Abstract
Background
This study was aimed to evaluate the effect of ginger extract addition to pre-operative high calorie drink to reduce nausea, vomiting, anxiety level, and lactate level as a parameter for metabolic derangement in patients undergoing surgery.
Materials and methods
A prospective single-blinded randomized controlled trial design, with a study subject elective surgical procedures patient at the Department of Surgery, Dr Hasan Sadikin Hospital, Bandung. Patient were divided into two groups, group A with standard high calorie drink, and group B standard high calorie drink with ginger extract addition. Anxiety was measured by HARS score and the occurrence of nausea and vomiting were assessed after the operation. The difference of lactate levels was compared before and after operation in two groups. The data distribution was calculated by kolmogorov-smirnov for continues variables. Normal distribution was calculated by t-test, non-normal distribution was calculated by Mann-U Whitney. Nominal data calculated by chi-square test and ordinal data calculated by Mann-U Whitney.
Results
40 subjects were randomly divided into two groups. The occurrence of nausea and vomiting were lower in group B patients (p < 0.0285). HARS score anxiety level was lowered in group B patients (p < 0.0293). Lactate level was lowered in group B patients, although is not statistically significant (p 0.54).
Conclusion
Addition of ginger extract in pre-operative high calorie drink reduce postoperative nausea, vomiting, and anxiety level.

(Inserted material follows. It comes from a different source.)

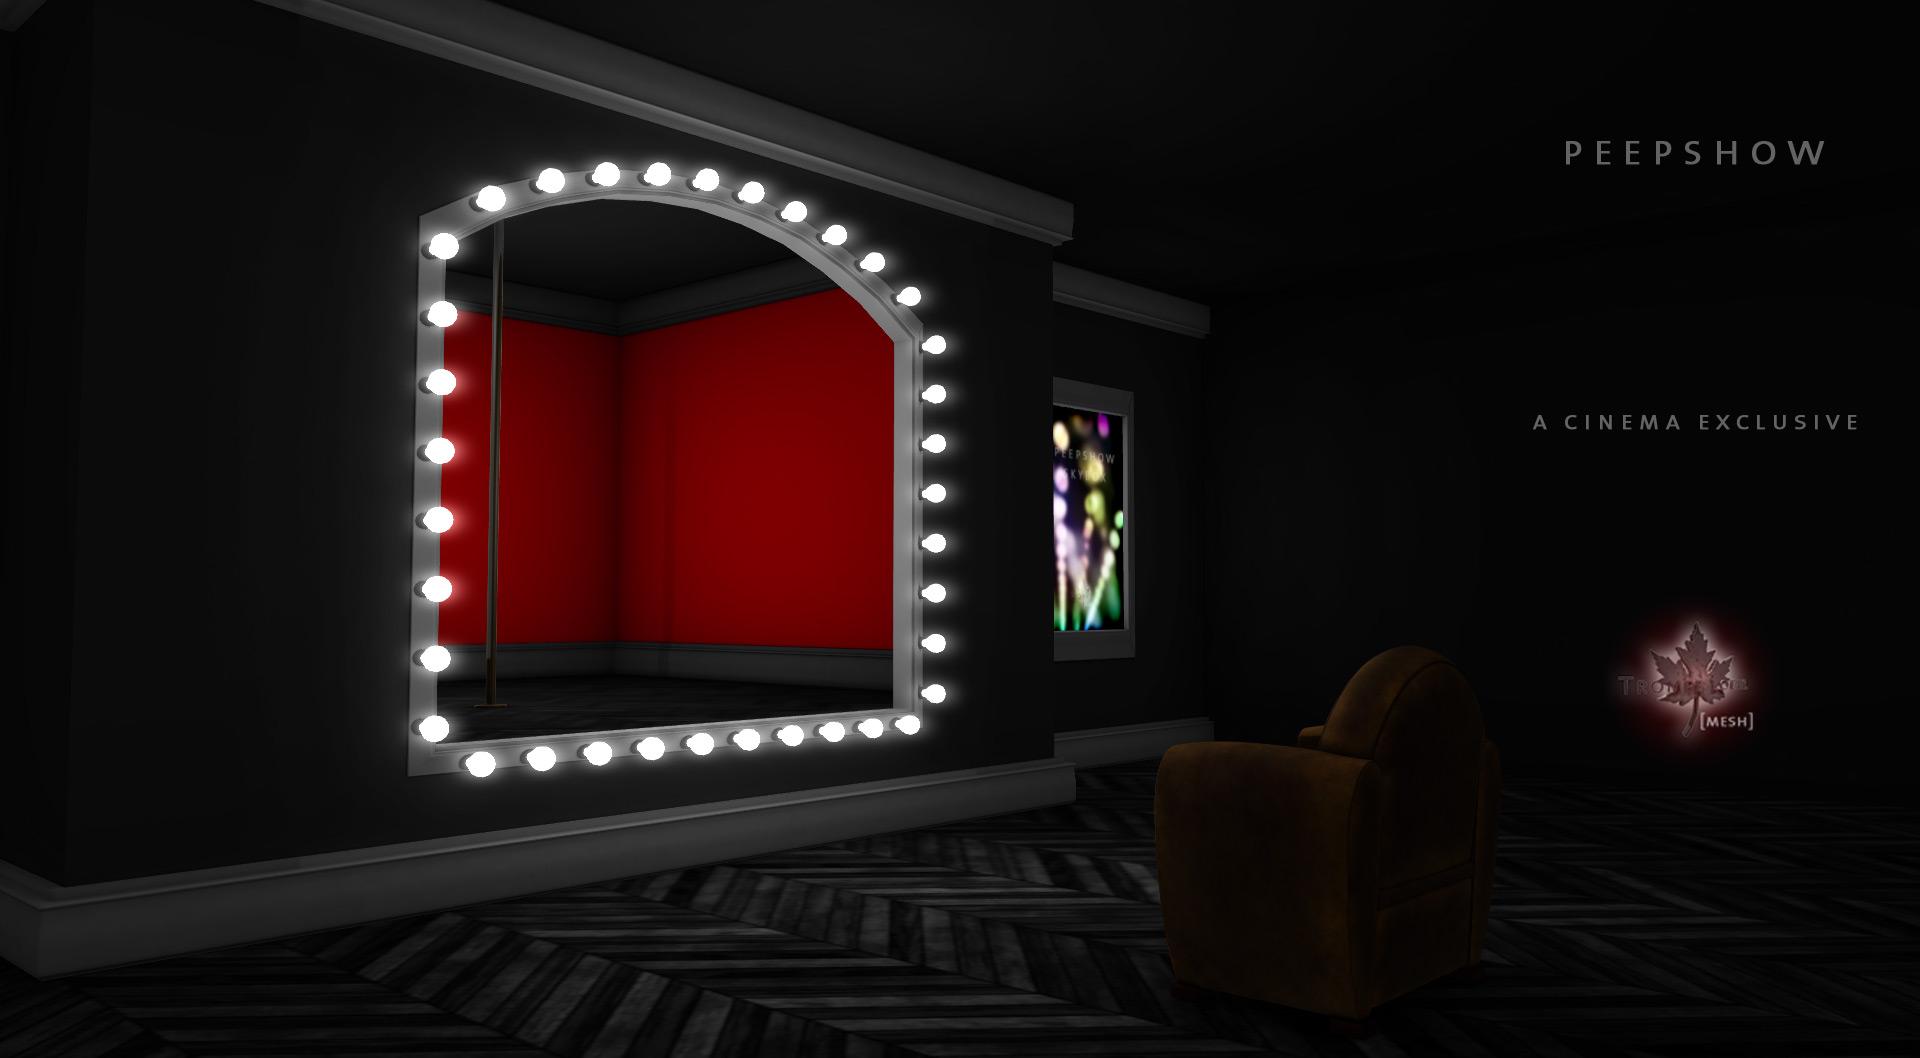 Trompe loeil peepshow skybox promo image 02 trompe loeil - Trompe loeil hoofd bed ...

Keywords: Anxiety, Ginger extract, High calorie drink, Nausea, Preoperative vomiting
Highlights
-
•
The occurrence of nausea and vomiting were lower after high calorie ginger drink administration.
-
•
HARS score anxiety level was lowered after high calorie ginger drink administration.
-
•
Lactate level was lowered in average after high calorie ginger drink administration, but not statistically significant.
-
•
Addition of ginger extract in pre-operative high calorie drink reduce postoperative nausea, vomiting, and anxiety level.
1. Introduction
During starvation, various metabolic changes occur in the body. One of the metabolic disorders might happened in the body was the disruption of the glucose consumption as the main energy source in cells [1]. Under conditions of normal perfusion and oxygen levels in the body, glucose was catabolized as and utilized as intracellular energy to form pyruvate. However, if there was impaired tissue perfusion which might causes an imbalance oxygen levels in cells, such as in a state of dehydration and hypoxia, anaerobic glycolysis will occur [2]. This situation is similar to hypoxia, which is a condition in which anaerobic glycolysis is activated thereby limiting the entry of pyruvate into the Tricarboxylic Acid (TCA) cycle. Alternatively, pyruvate is converted to lactate, reducing a 17-fold reduction in net ATP production [3].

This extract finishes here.